# Koiteich ... oder doch zu klein?



## neutrino (23. Apr. 2015)

Hallo zusammen,

nachdem Zacky mich auf die Tatsche hingewiesen hat, dass man bei den Teichbaudokus keine Kommentare abgeben kann, stelle ich meinen Beitrag nochmal hier ein.

Vielen Dank Zacky!

ich bin neu hier im Forum und möchte mal unser "Projekt" vorstellen:

ursprünglich hatten wir in unserem Vorgarten einen kleinen Goldfischteich geplant. Vor kurzem wurden wir unverhofft mit Koi konfrontiert, haben gesehen, was das für schöne Fische sind, und möchte nun den Teich etwas größer, also hoffentlich für Koi geeignet, anlegen.
Wir haben allerdings von Koi und auch von Koiteichen eigentlich noch keine große Ahnung, deshalb: wir sind offen für konstruktive Kritik oder Vorschläge, wie etwas besser zu machen wäre.

Unser Teich wird jetzt in etwa 3 x 4,5 m groß (mehr gibt unser Vorgarten nicht her) und soll möglichst 1,8-2 m tief werden (kommt drauf an, wie weit wir problemlos runter kommen). Der Teich bekommt an einer Ecke auch eine Flachwasserzone. Er soll insgesamt trotz Koi doch eher naturnah werden, also mit Randbepflanzung und auch mit ein paar Seerosen.

Was die Technik anbelangt, da tappen wir noch ziemlich im Dunkeln. Es sollte möglichst wartungsarm sein, da wir beide Vollzeit arbeiten, trotzdem sollten sich die Kosten aber im Rahmen halten, am besten also die eierlegende Wollmilchsau.
Wir dachten schon an einen Filter im Schwerkraftsystem, ggfs. im Selbstbau.

Es sollen erst mal nur ca. 6 kleine Koi rein. Ich befürchte, es werden sehr schnell mehr als man sich zuerst denkt.

Was man bis jetzt sieht, wurde per Spaten gebuddelt. Da wir jetzt allerdings auf die ersten Steine stoßen, soll jetzt ein Minibagger her. Wahrscheinlich geht es mit den Buddelarbeiten erst am 9.5. weiter. Bis dahin sammeln wir fleißig Infos.

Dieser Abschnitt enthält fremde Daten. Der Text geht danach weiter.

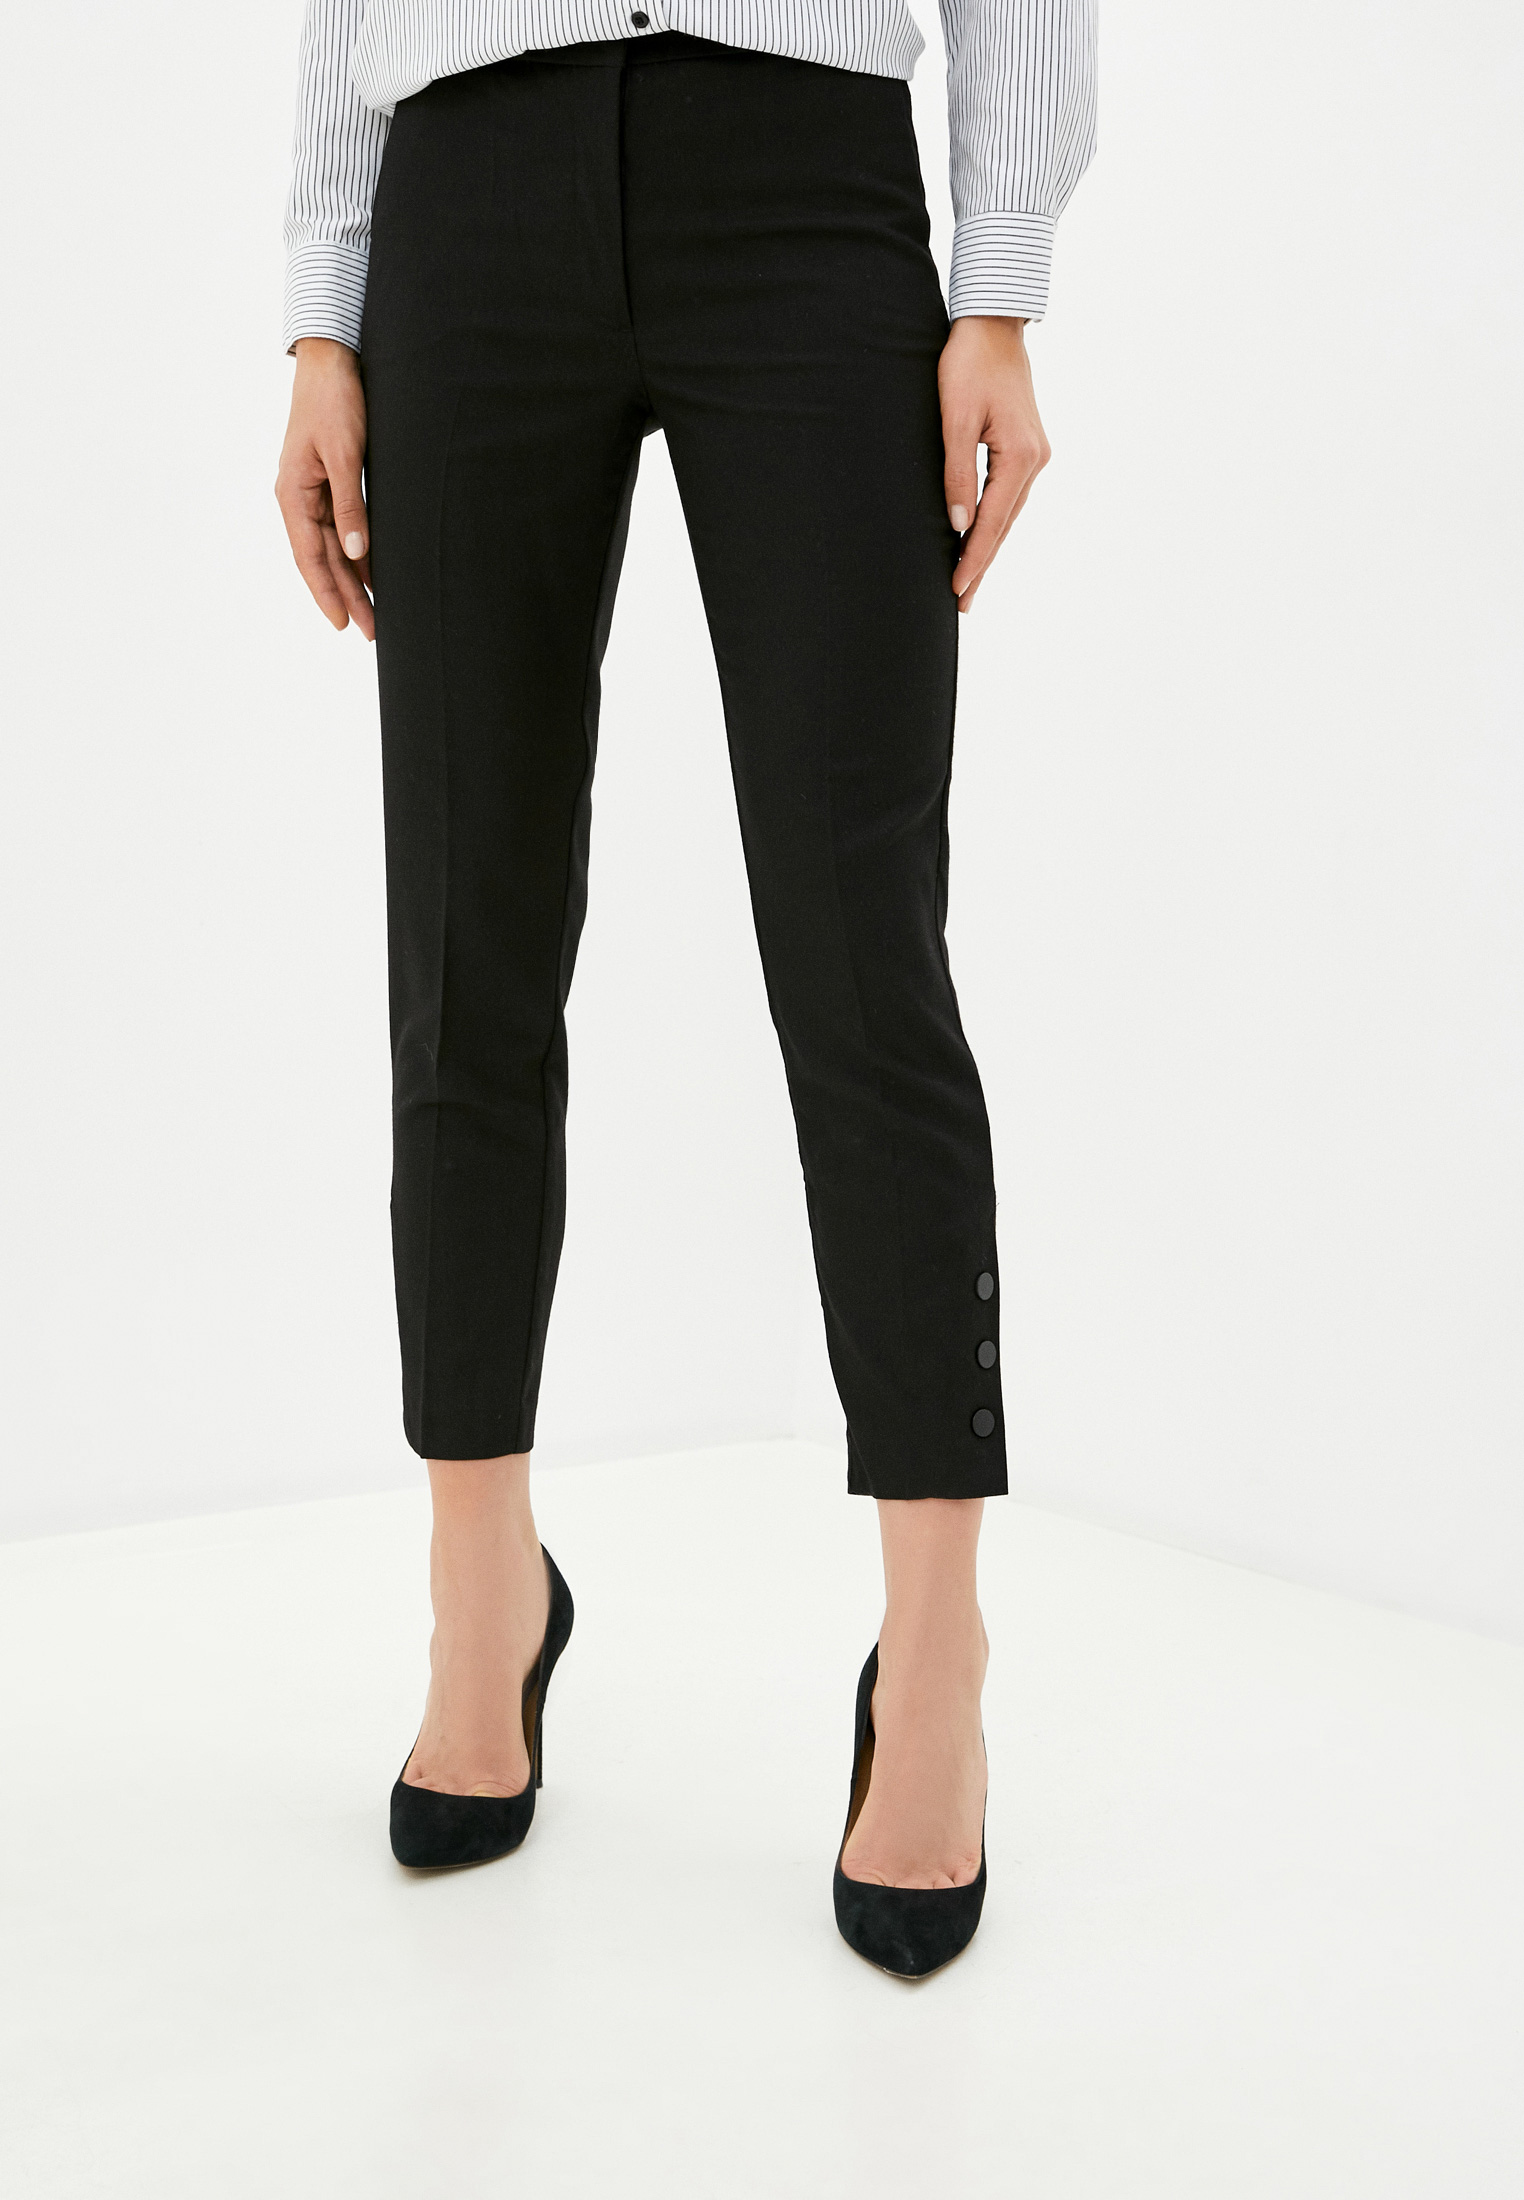 Женские классические брюки Zolla 20337366303

Ideen zu Sichtschutz an der Straße sind auch sehr willkommen 

VG Birgit


----------



## Zacky (23. Apr. 2015)

Hallo Birgit und auch hier nochmal ein Herzlich Willkommen. 

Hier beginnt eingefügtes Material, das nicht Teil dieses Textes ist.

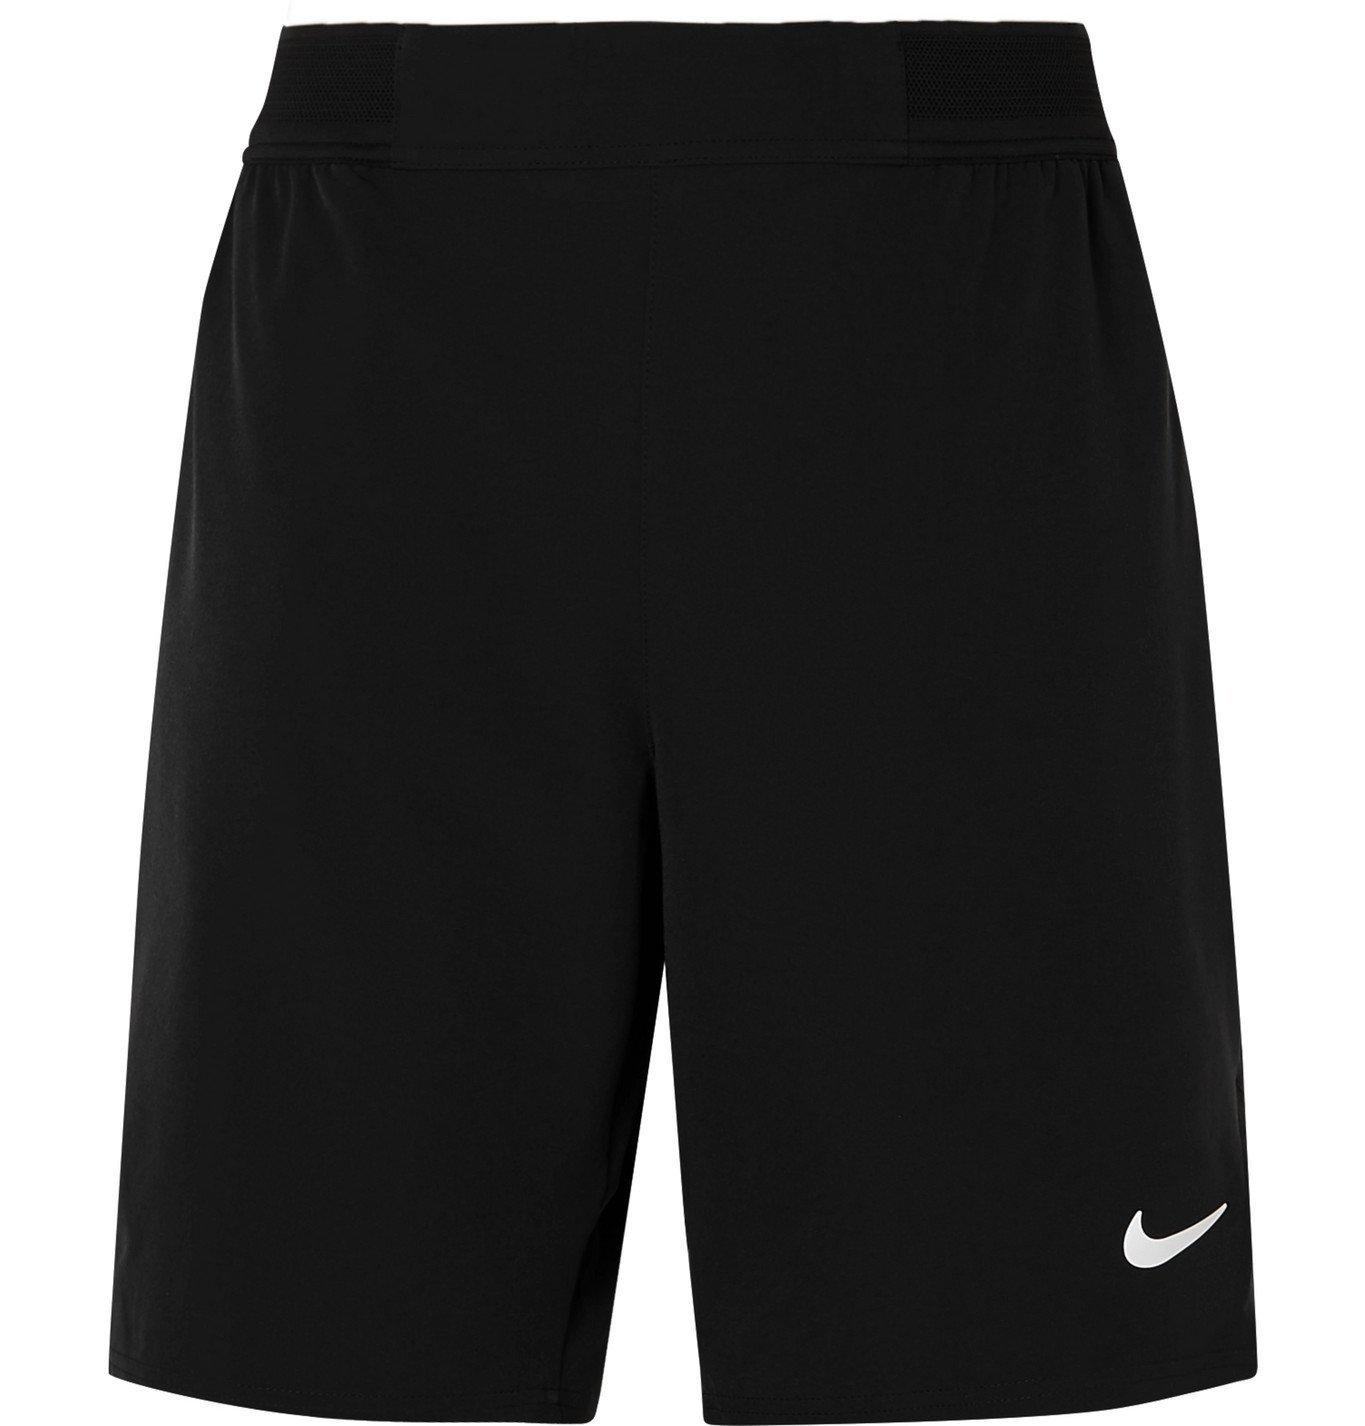 Photo: Nike Tennis - NikeCourt Ace Flex Tennis Shorts - Black

Wie sich das so liest, seid ihr schon auf dem richtigen Weg. Die Größe ist schon Ok für Koihaltung (wenn es wirklich nicht zu viel werden) und Schwerkraftfilterung sollte ein Muss sein, da es einfach das effektivste und energiesparendste System sein wird. Wichtig ist stets ein guter Vorfilter und das dann sollte mind. ein Siebfilter werden. Eine gute & ausreichende Biofilterstufe ist das Nächste, aber das bekommt man ganz gut als Selbstbau aus Regentonnen oder IBC hin. Hier ist lediglich wichtig, dass ihr innerhalb der Behälter genügend Platz für die Filtermedien habt. Zu eng gepackt, wird es nicht gut filtern.

Hierzu sollte man aber dennoch einen gewissen Platz für die komplette Filteranlage einplanen, denn etwas größer wird sie schon ausfallen. 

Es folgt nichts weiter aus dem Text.